I have just come back from my LBS (Velo, Brisbane, Qld, Australia) where they just unwrapped the Caisse D'Epargne F4:13 frame. Has anyone got any photos of this frame built up, if you do it would be good to see them!

Cheers


----------



## steiger1 (Mar 15, 2006)

Go to the second page of this thread in the german TOUR magazine forum:

http://forum.tour-magazin.de/showthread.php?t=75123


----------



## jeffreyg (Nov 23, 2005)

I kind of like the one from last year that was rebadged as as opera better

http://www.riogrande.co.jp/05/x_pradera.html 

but this one is pretty sexy too.


----------



## triple b (Jan 11, 2006)

Very nice. I have an all carbon colored(no blue or red) F4:13.


----------



## steiger1 (Mar 15, 2006)

F4:13 2007:


----------



## 40dave (Oct 20, 2005)

*Photos*

Fantastic looking photographs of the new F4:13.
Where did you get those.
My personnal favorite has to be the red-black with a touch of white.
Look very much like the Caisse d'Epargne team.
Really tempting to change my 2005 Dogma FP (blue and black) for one of those.
Anxious to see the rest of the line (Dogma FP and Paris FP Carbon)
Thanks for the photos.


----------



## steiger1 (Mar 15, 2006)

The pics are from an Austrian Pinarello Dealer (I am Austrian), who has joined a dealer meeting at Treviso.

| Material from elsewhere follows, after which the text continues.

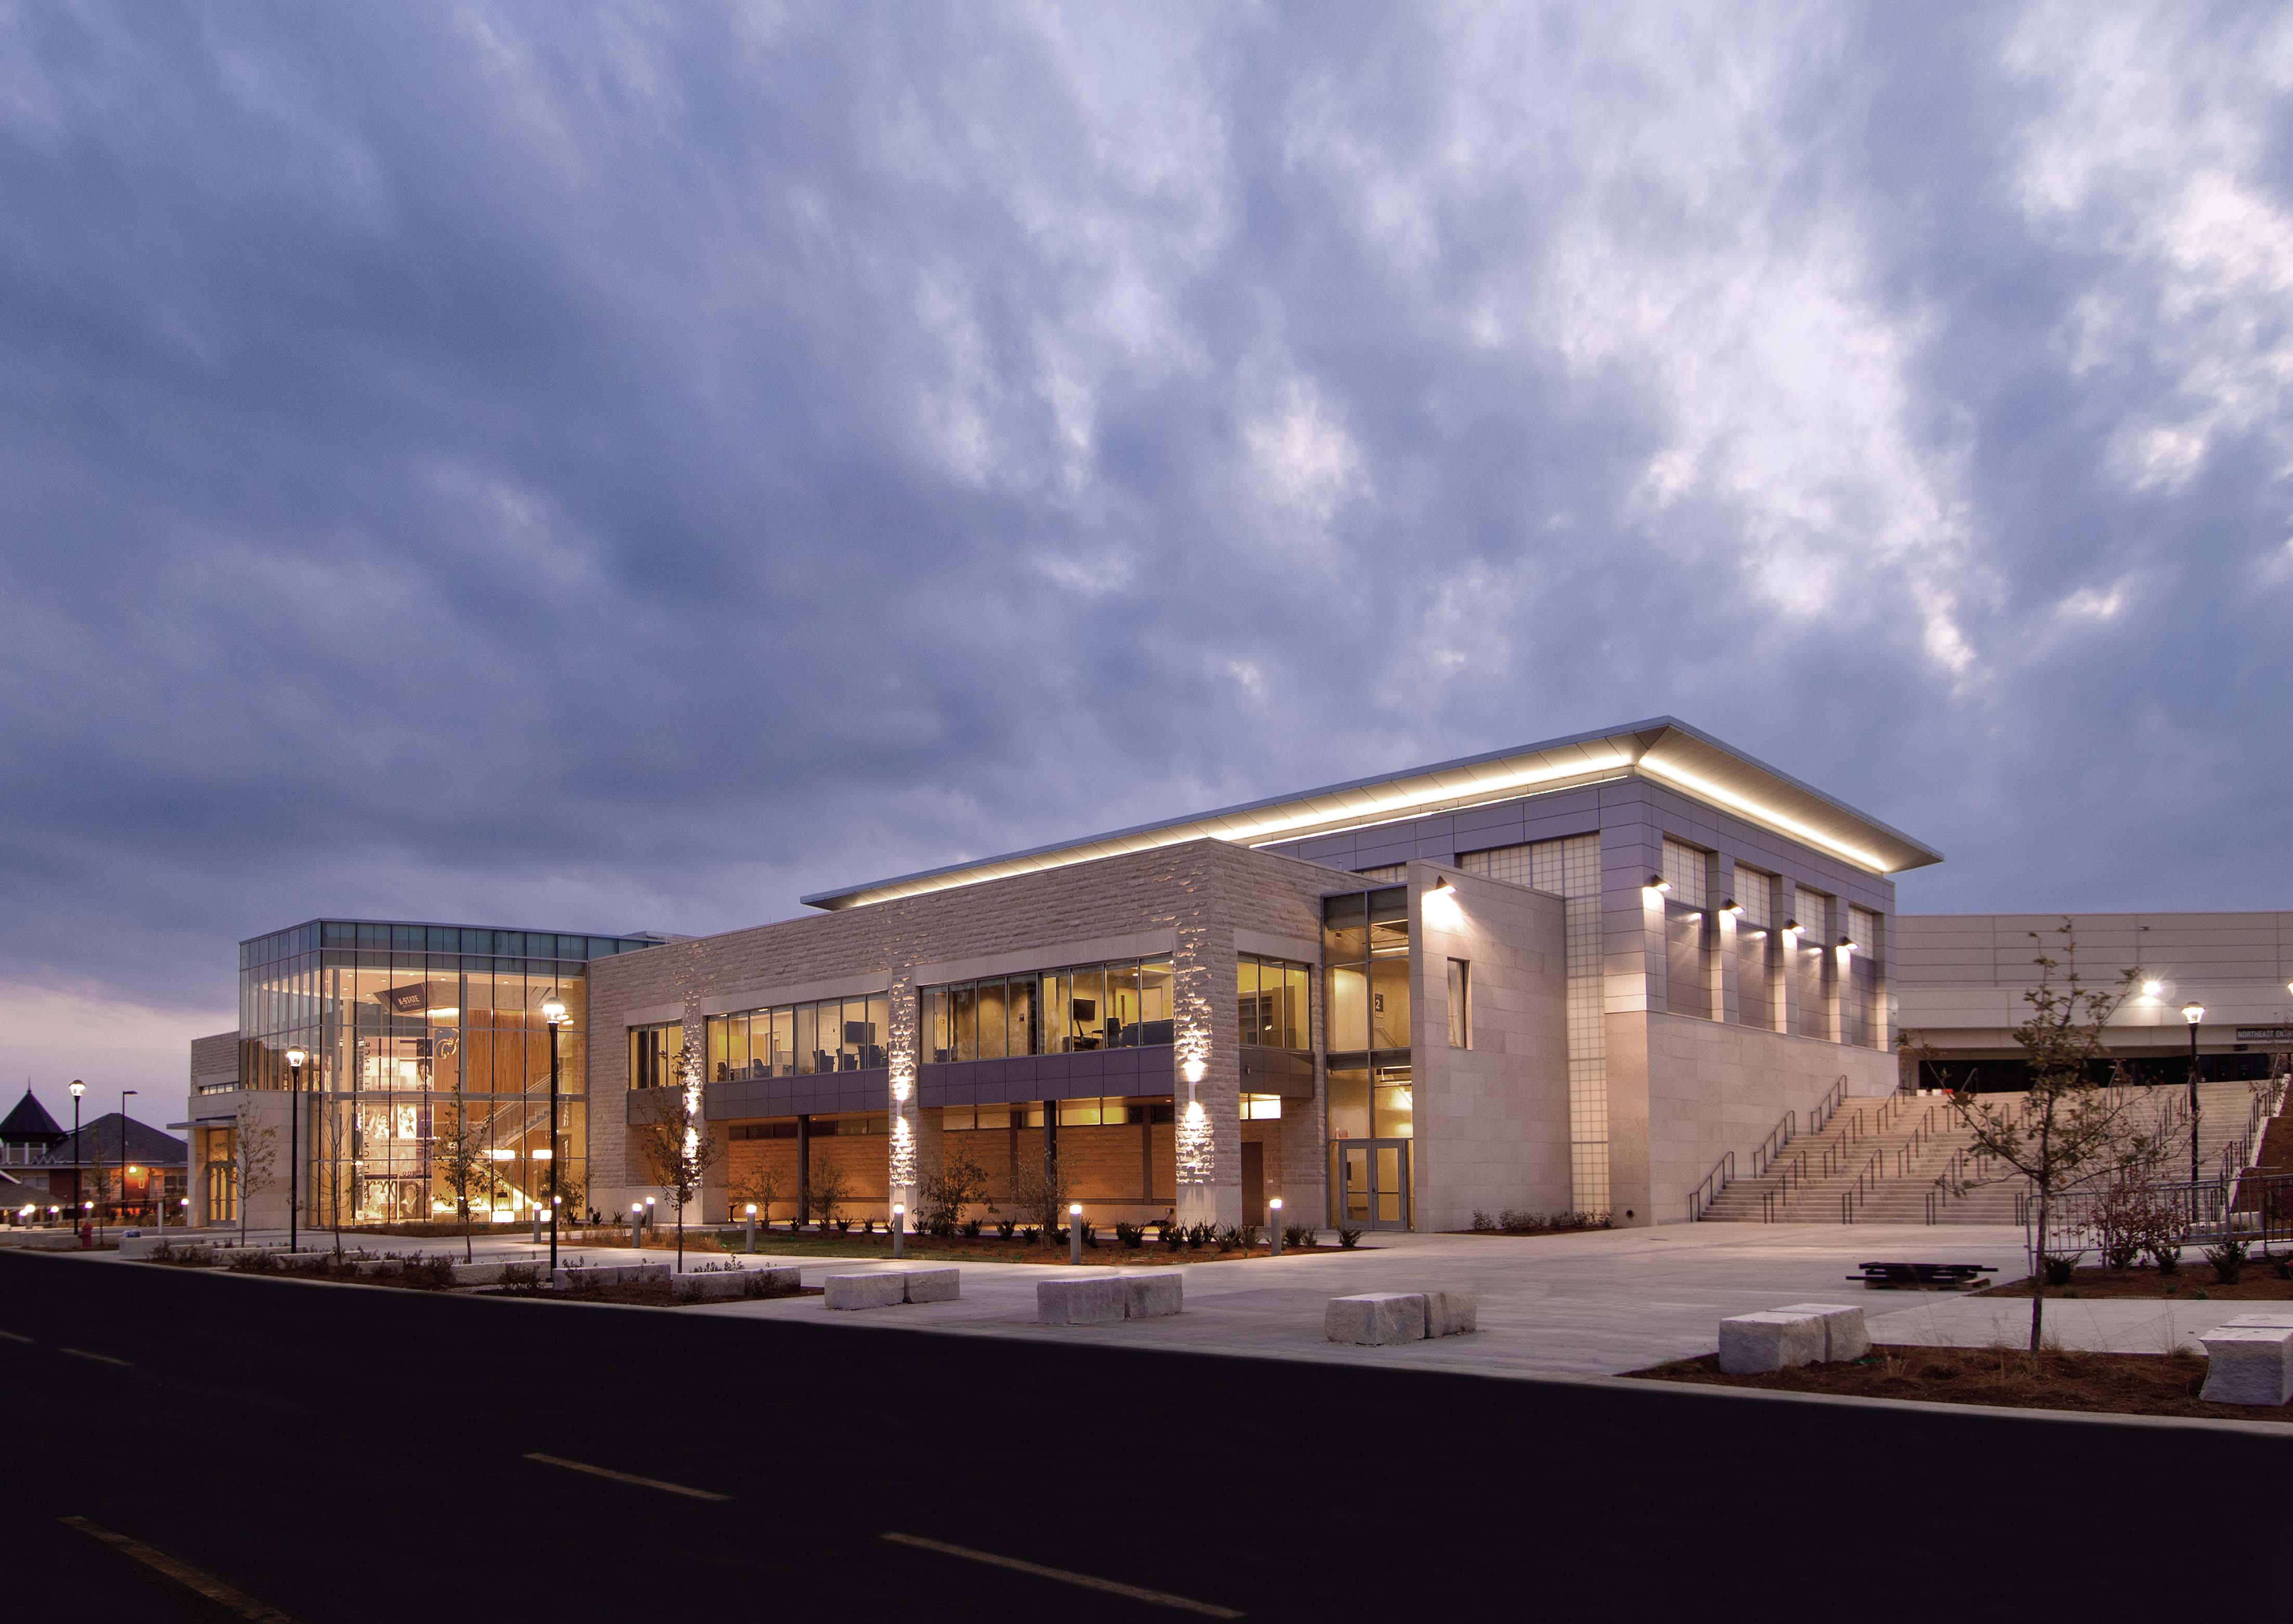 Kansas State University Basketball Training Facility

It´s a little bit tricky if you don´t understand German, but try this:

http://radcenter.magix.net/

THen click the little white arrow (a white triangle) in order to see the second page, then click there

"Pinarellopräsentation ... 
Treviso 15.07.2006" 

Enjoy 50 nice pictures!


----------



## BianchPaul (Mar 2, 2006)

*Cant bring the slide show up!*

I clicked onto the link, and went to the second page then tried the the Pinarello link. It appears that nothing is happening, do you need a password to view the pictures.

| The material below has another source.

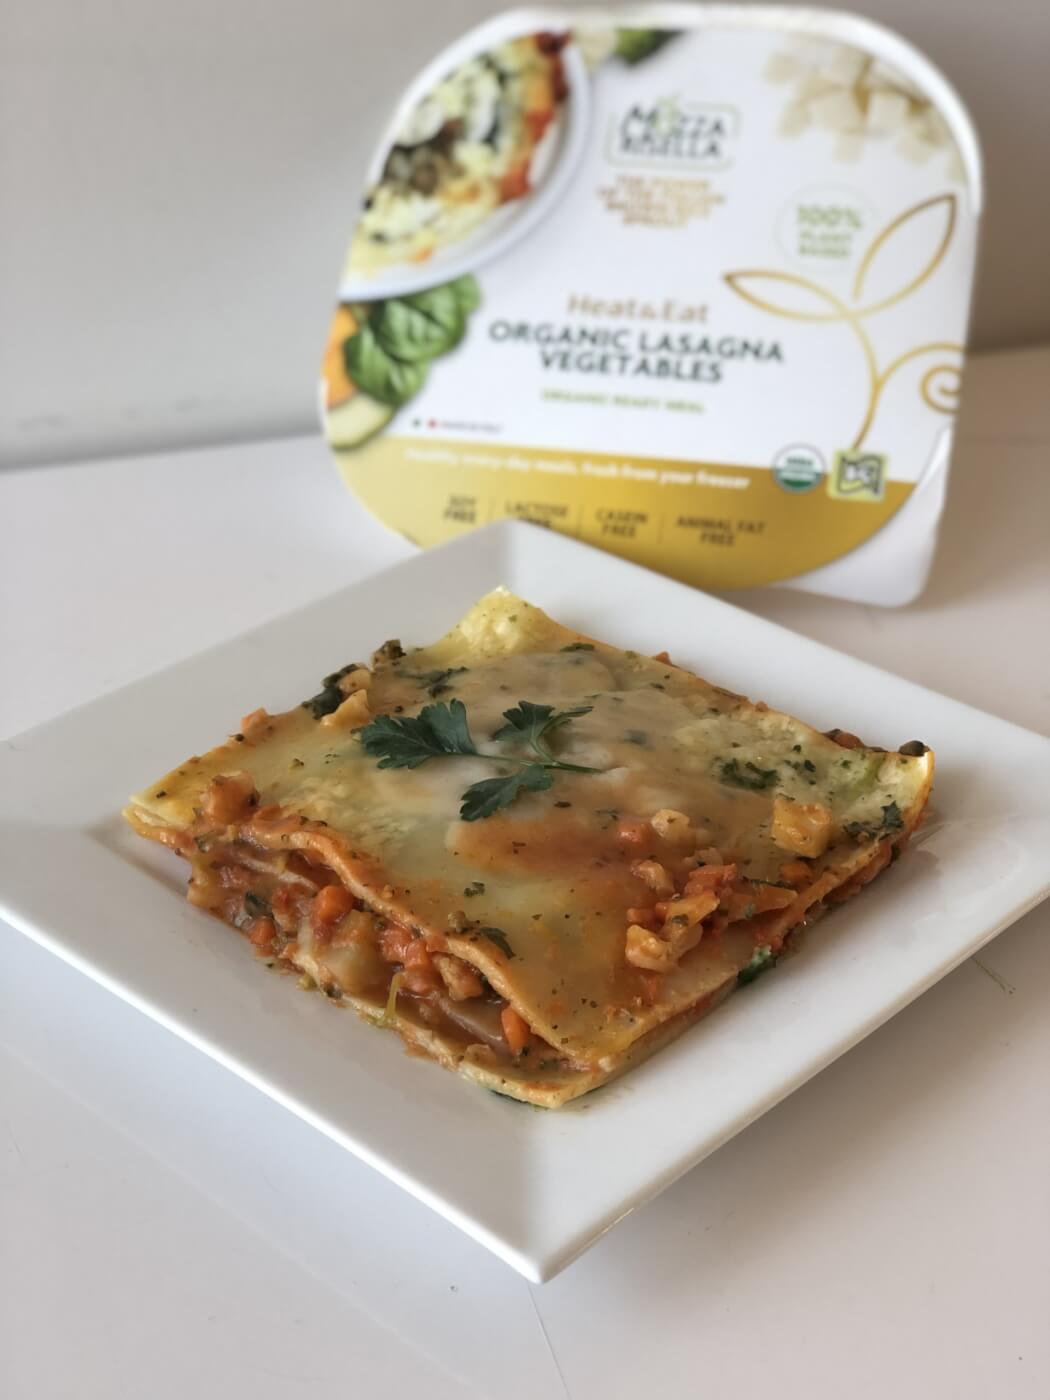 new vegan products

Thanks in Advance.:thumbsup:


----------



## steiger1 (Mar 15, 2006)

Should work without problems or passwords. Probably click the second line, the word "treviso".


or try this

http://radcenter.magix.net/userwebs...act=2&alb_id=B9038700174511DBB2C121DC507A133A


edit: I´m sorry, but obviosly the homepage doesn´t want us to get directly to the foto-show. the link leads to the startpage.


----------



## jeffreyg (Nov 23, 2005)

I opened it in google's German to English translator. I couldn't click on indvidual pictures but I could watch the entire slide show just fine. Thanks for the post.


----------



## BianchPaul (Mar 2, 2006)

Sorry for being behind the times, but how do I get Google german translator up so I can open the slide show up.


----------



## jeffreyg (Nov 23, 2005)

*Google translator*

Just type the web address of the page you want to translate where it says " translate web page", pick the languages you want, and then click on translate.

http://www.google.com/language_tools?hl=en

good luck!


----------